On raw list price, DeepSeek v4-flash is the cheapest at $0.14 per million input tokens and $0.28 per million output tokens, cheaper than any major-lab nano/lite-tier model. Among the major labs (OpenAI, Google, Anthropic), OpenAI's gpt-5.4-nano is cheapest at $0.20/$1.25 per million tokens. On cache-hit pricing, DeepSeek is cheaper still at $0.0028 per million input tokens — a 98% discount off its own $0.14 cache-miss price.
Is there a free LLM API?
Yes. Google's Gemini API (via AI Studio) offers a genuinely free tier with no credit card required on Flash-tier models — limits are tier-based and change often, so check the live numbers in AI Studio rather than a fixed figure. Groq offers a free tier with published rate limits (for example, 30 requests/minute and 1,000 requests/day on Llama 3.3 70B). OpenRouter provides around 28 free models at lower rate limits (20 requests/minute, 50/day, rising after a one-time paid credit). All three are best for prototyping and low-volume use — none are built for production-scale traffic.
Which LLM API is cheapest for coding?
For coding tasks specifically, OpenRouter's free tier includes Qwen3 Coder, a model tuned for code generation, at zero cost within its rate limits.

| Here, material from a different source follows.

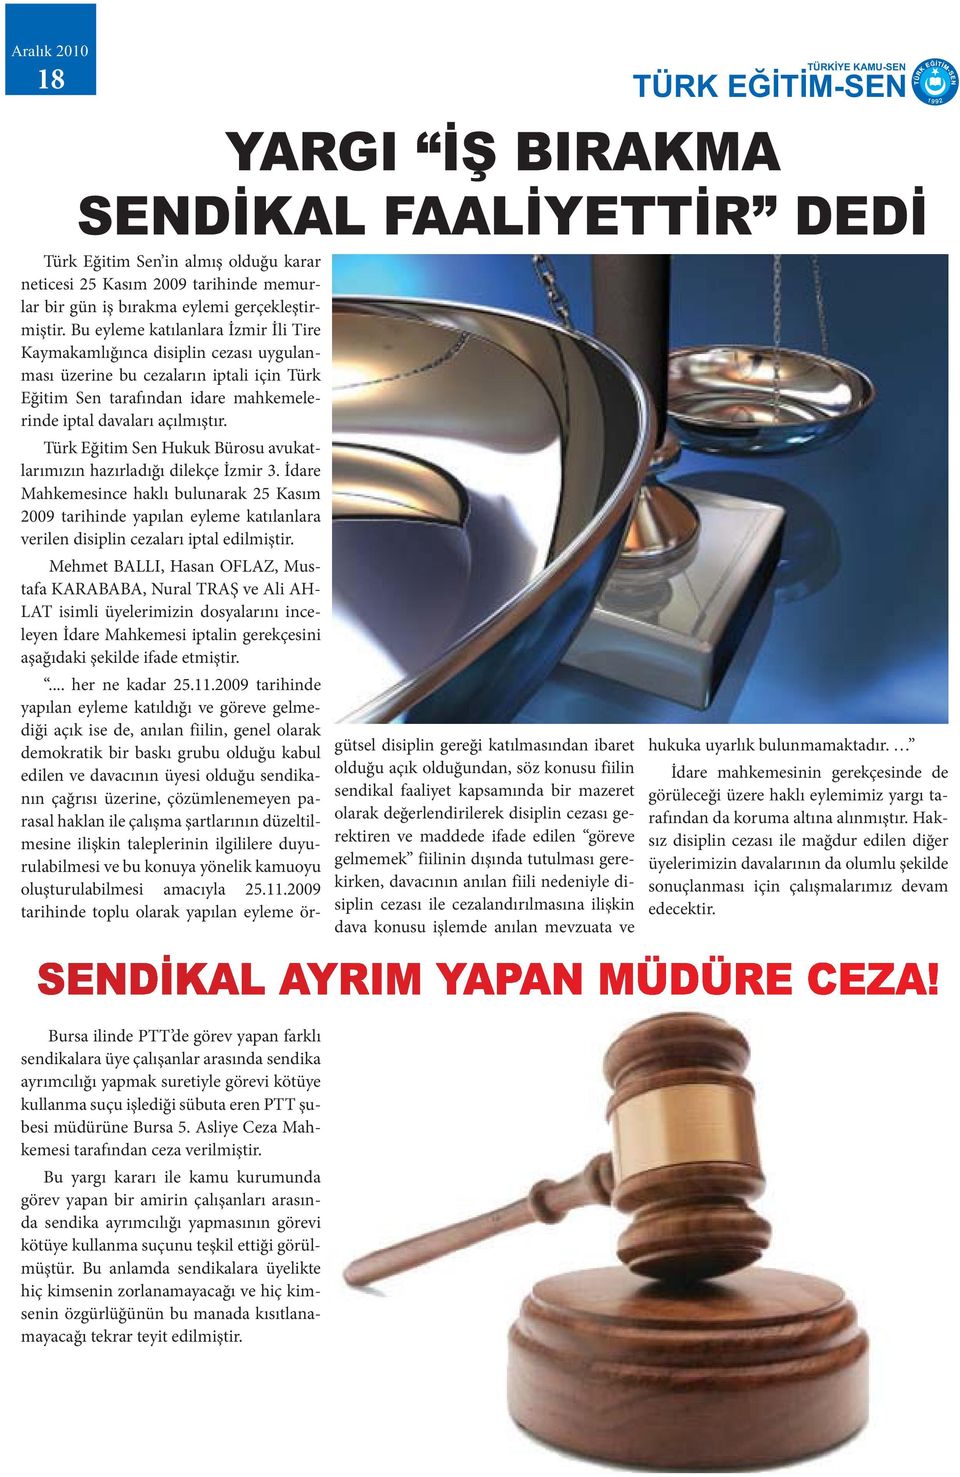 Türk Eğitim Sen Hukuk Bürosu avukatlarımızın hazırladığı dilekçe İzmir 3.

For paid, production-grade coding workloads, DeepSeek's models are frequently used for coding tasks and its effective cached price ($0.0028/MTok) is the cheapest paid option once your prompts repeat enough shared context (system prompts, file context) to benefit from caching.

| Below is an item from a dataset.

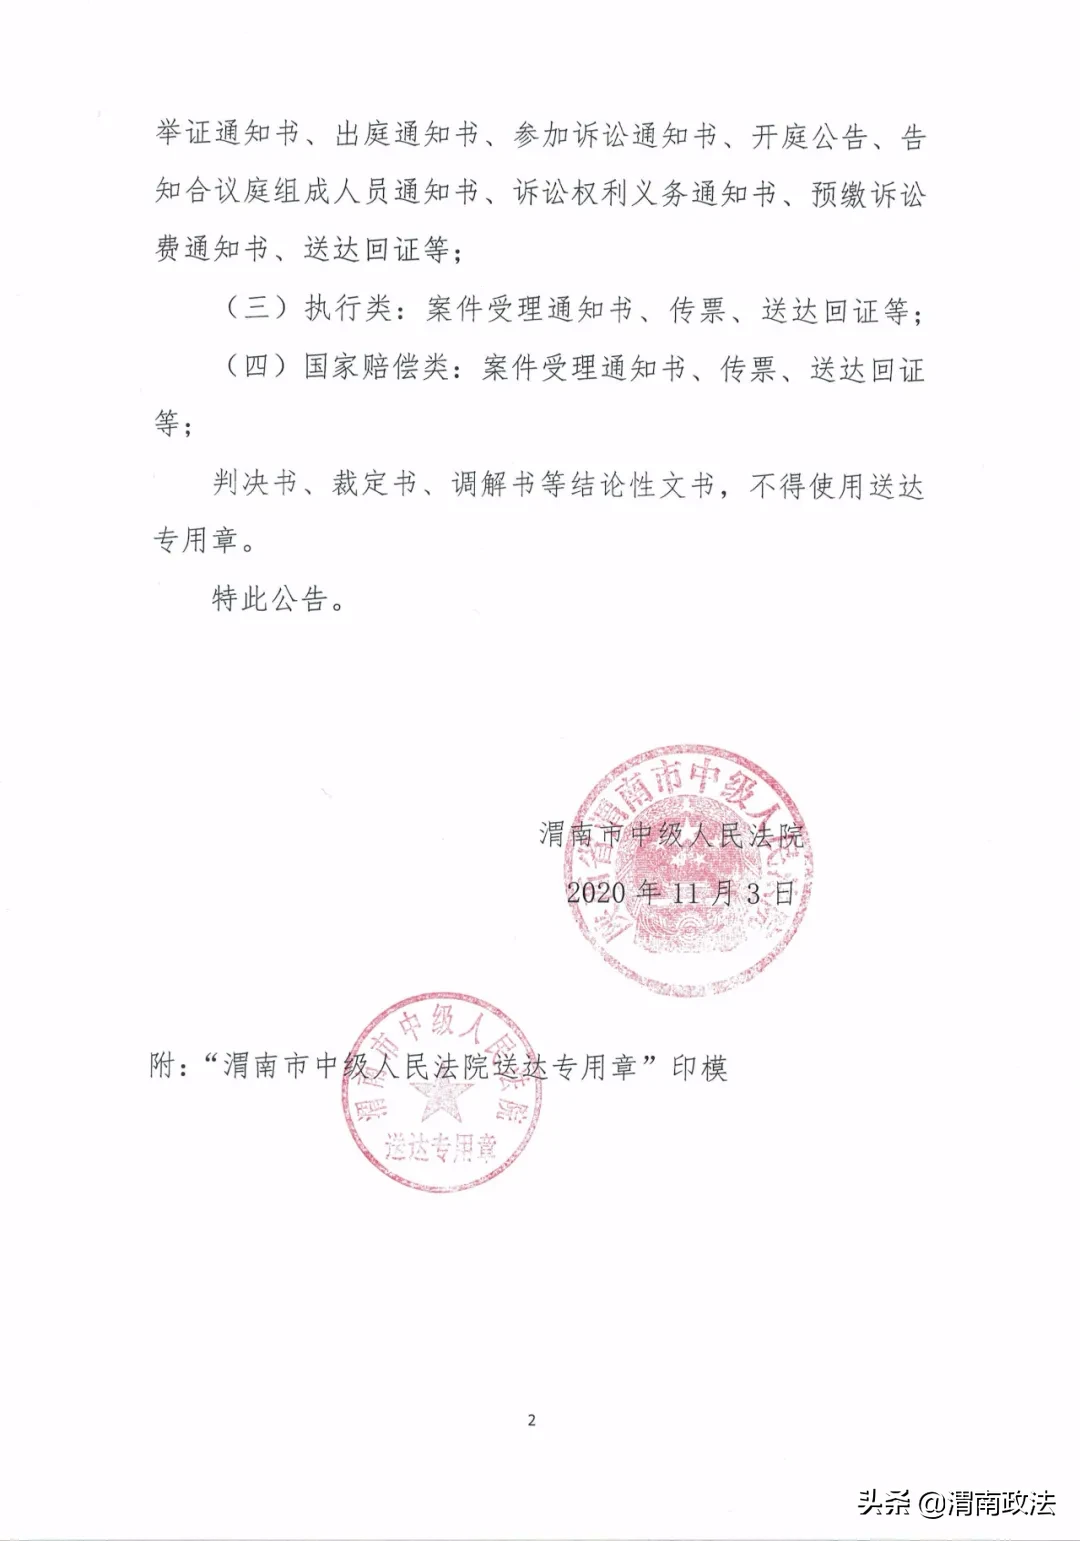 公告 | 渭南市中级人民法院启用“送达专用章”

What is the cheapest LLM API in 2026?
As of July 2026: DeepSeek v4-flash ($0.14/$0.28 per million tokens) is the cheapest raw list price of any provider; among major labs, OpenAI's gpt-5.4-nano ($0.20/$1.25) is cheapest. DeepSeek's cache-hit price ($0.0028/MTok) is the cheapest paid price of any kind, if your workload caches well. For $0 spend, Gemini's free tier (via AI Studio), Groq, and OpenRouter's free models cover prototyping and low-volume production use.